"The Computer Doesn't Do What I Tell It To!"
As a teenager, I was often called on to provide basic tech support for friends and family. They'd complain that the computer wouldn't "listen" to them. I'd chuckle at that because the problem likely arose because the computer did do exactly as told. Barring outright bugs, old-school software is deterministic. Clicks and keystrokes have pre-programmed results you can rely on.
Not so with generative AI. Non-determinism lurks everywhere.
There is the inherent randomness of the generated output. The typical chat models answer differently for the same repeated question. When accessing a model programmatically, this randomness can be turned off, but other sources of nondeterminism remain.
In cases where the model, even with the randomness set to zero, is fed raw user input, even slight variations in the input can lead to different outcomes: Whether the user wrote "Can you write me a poem about cats?" or did they write, "Make up a poem about cats!" might lead to very different outcomes.
And then, there is of course the unpredictable way the model handles a large input, or a complex request. You might ask for a piece of writing in a particular format and it's anyone's guess whether you get it or not. So in that case, the computer really didn't do what you told it to.
What can AI engineers do here?
Aim narrow, accept wide. That's general good advice for a user experience. The more you have to tell your users exactly how to use the system, the less awesome they'll feel about themselves and the experience. On the flipside, the more you can make the tool's output predictable, or at least non-perplexing, the better.
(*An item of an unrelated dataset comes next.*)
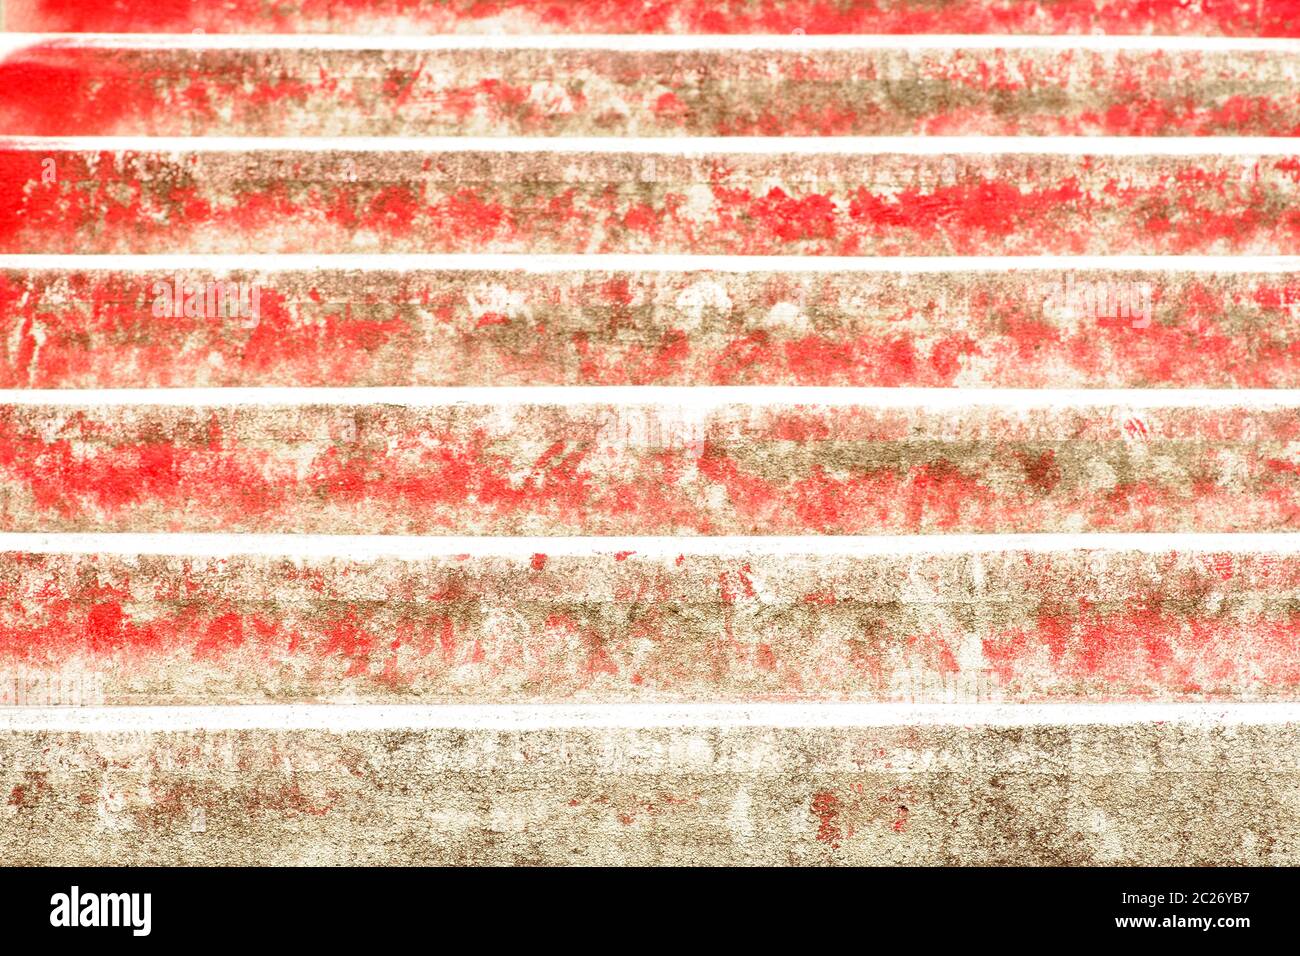 The close-up of the surface of red stairs. Stock Photo

Safeguards around user input and post-processing of model output, to file off the rough edges. This could be traditional preprocessing (like removing all special characters and punctuation from an input where it shouldn't influence the actual output) or it could be yet another AI step.
Tune the model's randomness. Don't just accept the default parameter. It might not be the best. Neither might setting it to zero be best. Experiment and evaluate.
And if all that doesn't help, just put "vibe" in front of your product name and all is forgiven ;)